Snurb — Monday 8 June 2026 00:14
Politics | Polarisation | Journalism | Industrial Journalism | 'Big Data' | ICA 2026 | Liveblog |

The next speaker in this session at the 2026 International Communication Association conference in Cape Town is Magdalena Wojcieszak, who is presenting work towards a news content quality classifier. The consumption of online news is diverse: people consume traditional news article,s blog content, YouTube news videos, news podcasts, and many different formats.

But how do we assess the quality of all this content? There are various different measures for this, and many of them are problematic, not least for their domain- rather than article-level assessments and their conflation of quality with ideological bias; some also include factuality and other features as a contributor to overall quality scores.

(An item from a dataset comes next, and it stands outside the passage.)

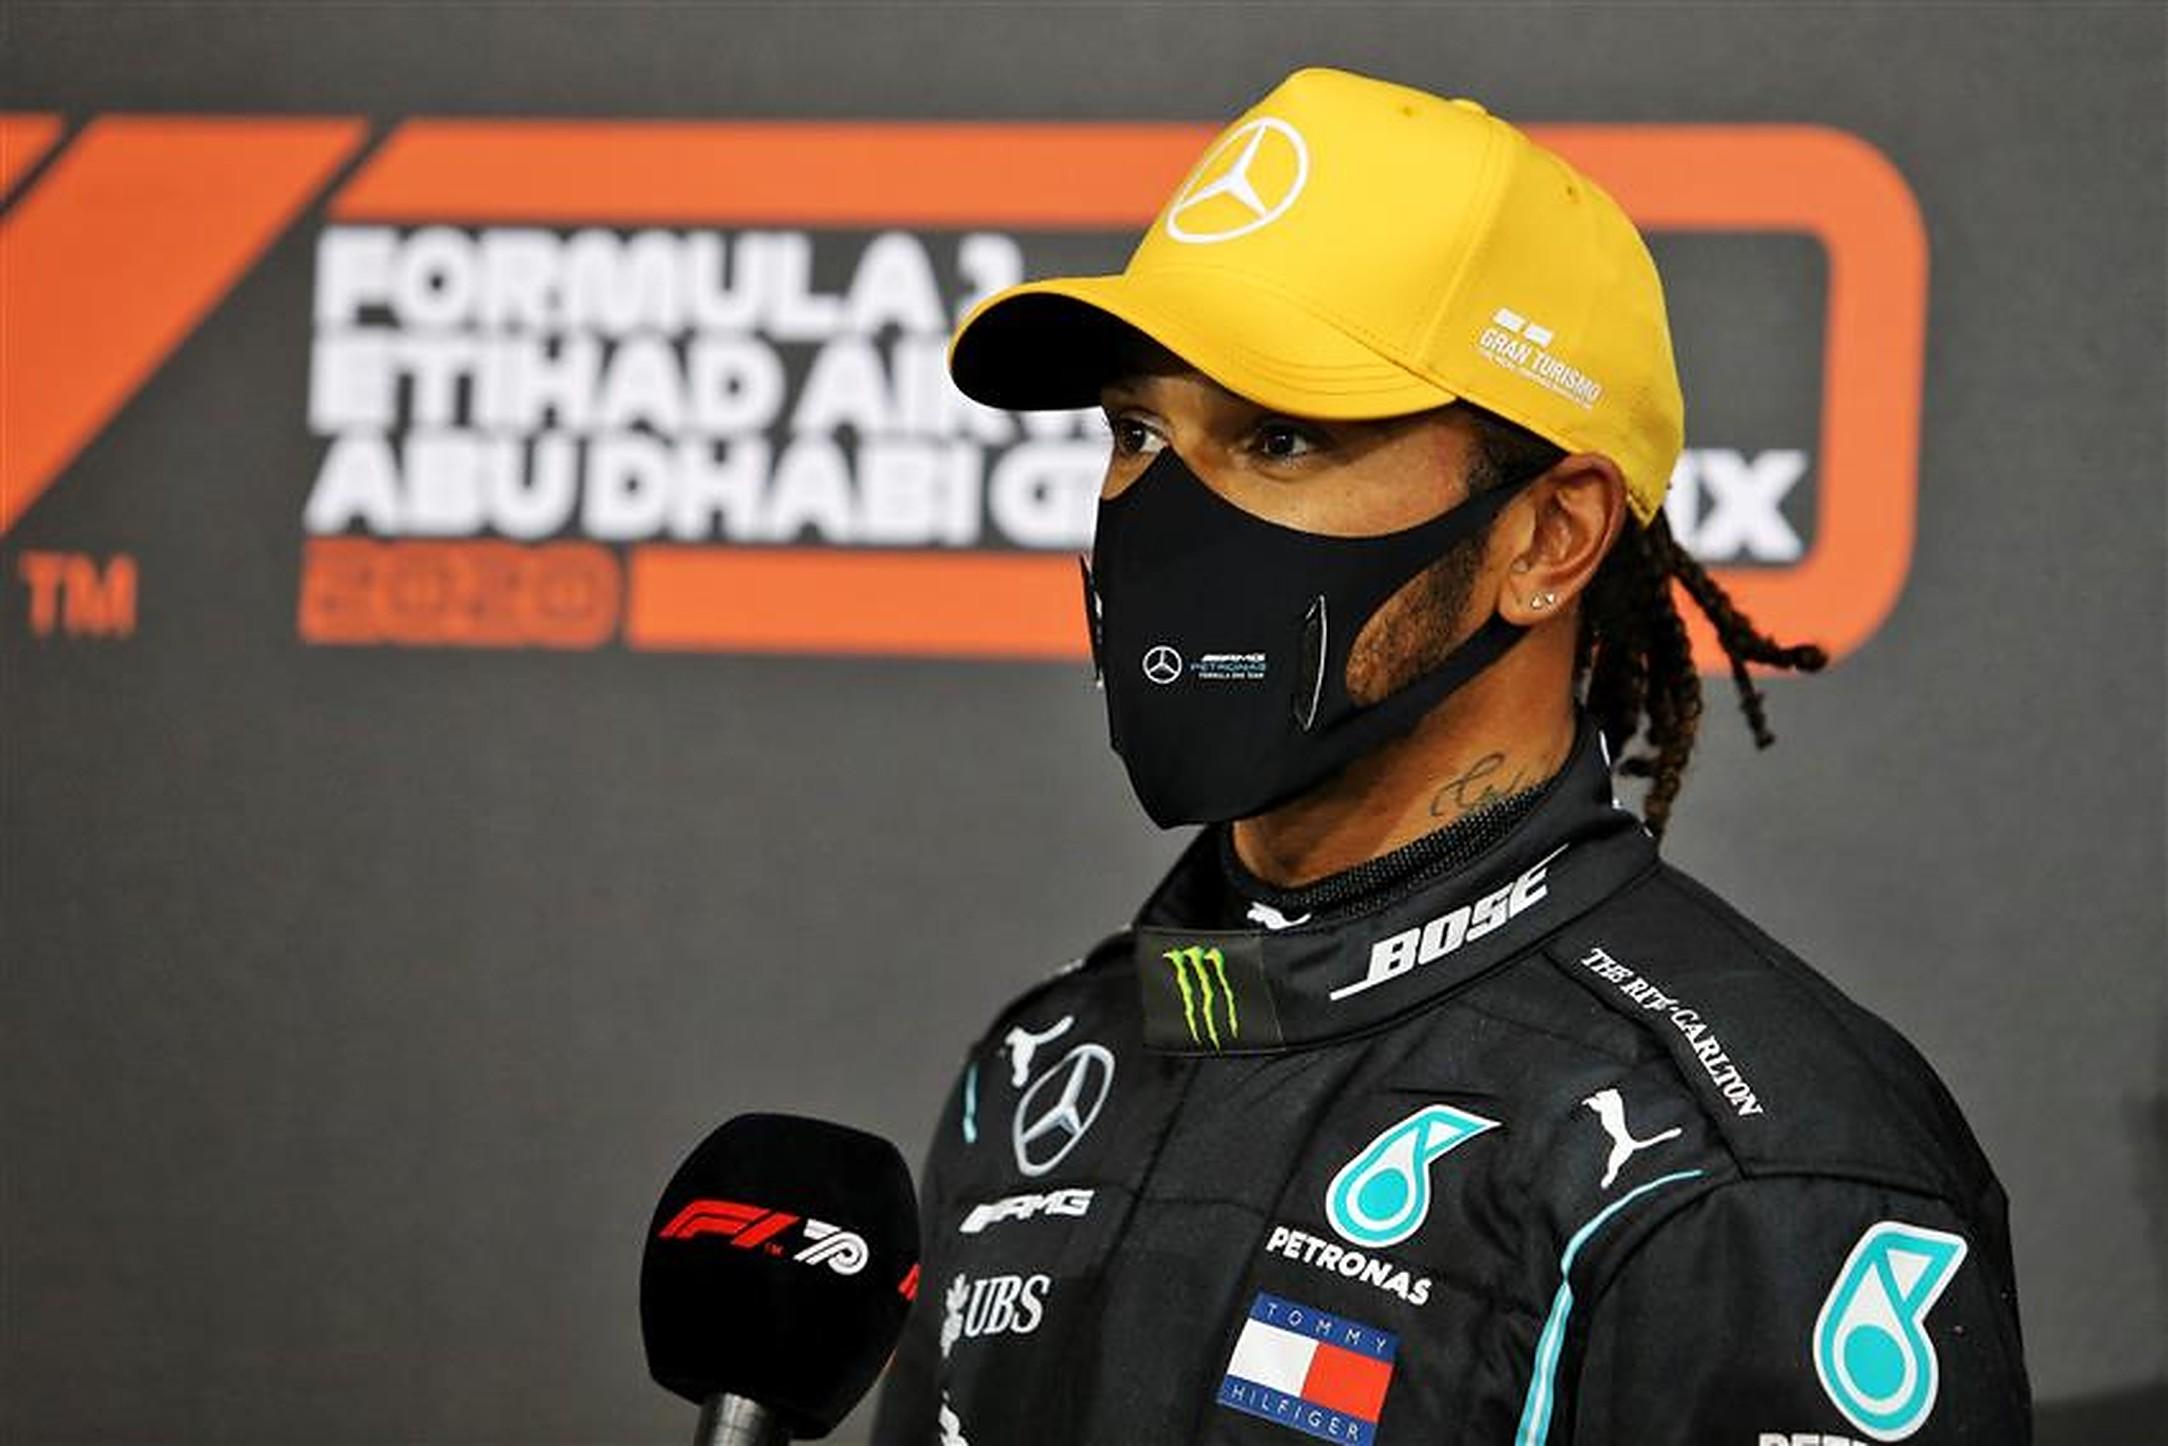 Lewis Hamilton is owed an apology - Formula1news.co.uk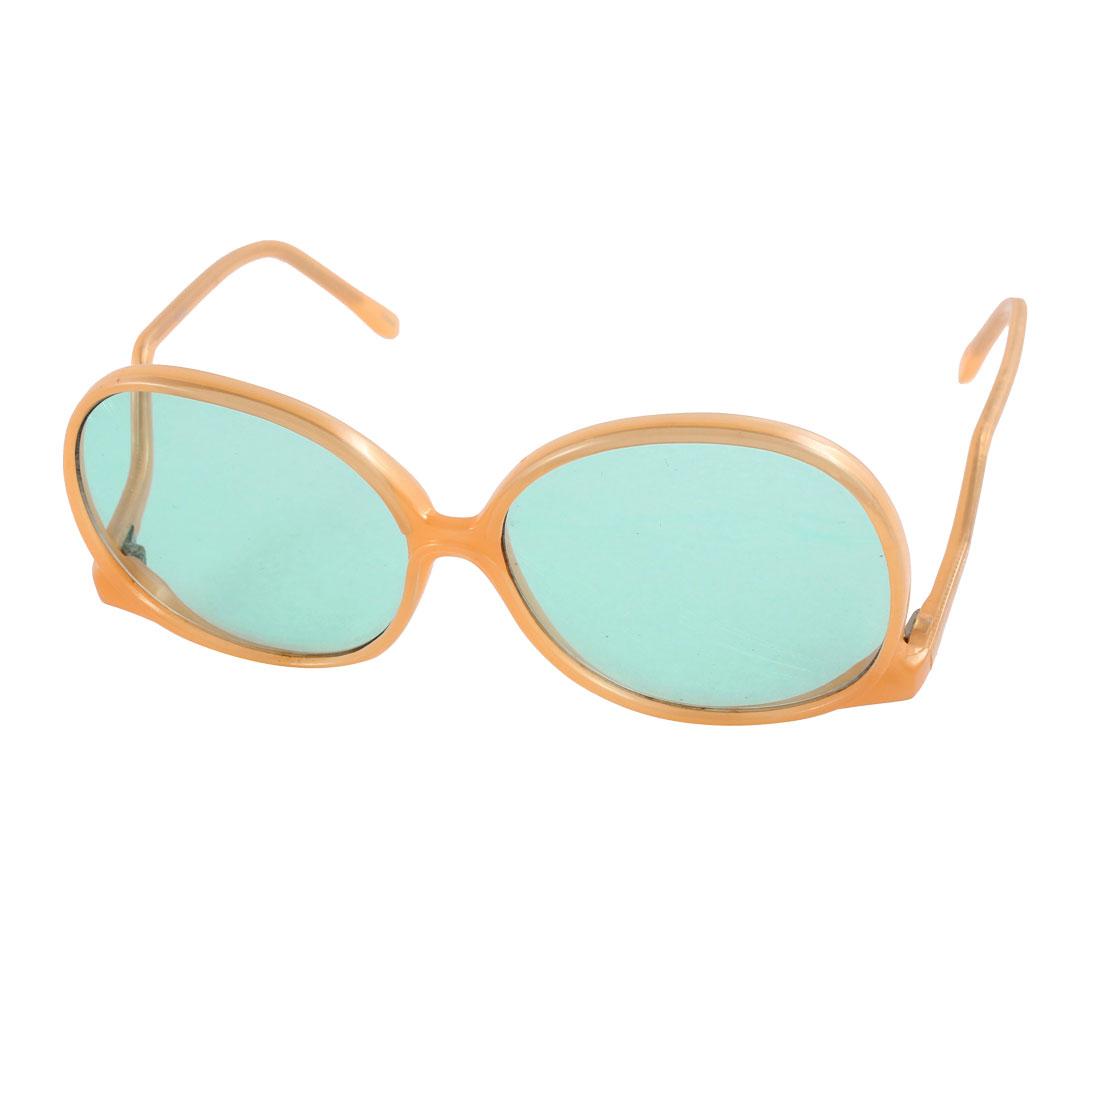 Light Orange Plastic Round Shape Full Rim Single Bridge Sunglasses for Lady

This new approach focusses on the key journalistic features of clarity, depth, sourcing, engaging writing, (avoidance of) clickbait, importance, (absence of) personal frames, and (avoidance of) one-sidedness. Ideological bias is not explicitly included here, but can be included in further downstream analysis.

The project developed a transformer-based classifier which focusses on these attributes, and tested this on a set of some 1,400 manually labelled news excerpts in English. It then applied this to some 194,000 news articles from 28 English-language outlets to assess their content quality; a factor analysis identified three broader dimensions: rigorous and substantial news (clarity, depth, sources, non-clickbait); severity and civic seriousness (importance, non-personal reporting , non-engagement); and impartiality (non-onesidedness, non-ideological bias).

These results do not correlate directly with other existing media quality rating approaches, and this is partly the point: these rating schemes all have their own problems, and do not capture article-level differences.

The next step here is to apply these measures to content from alternative news platforms and formats such as Medium, Substack, YouTube, and podcasts. It will be interesting to see how these rate against these three assessment dimensions.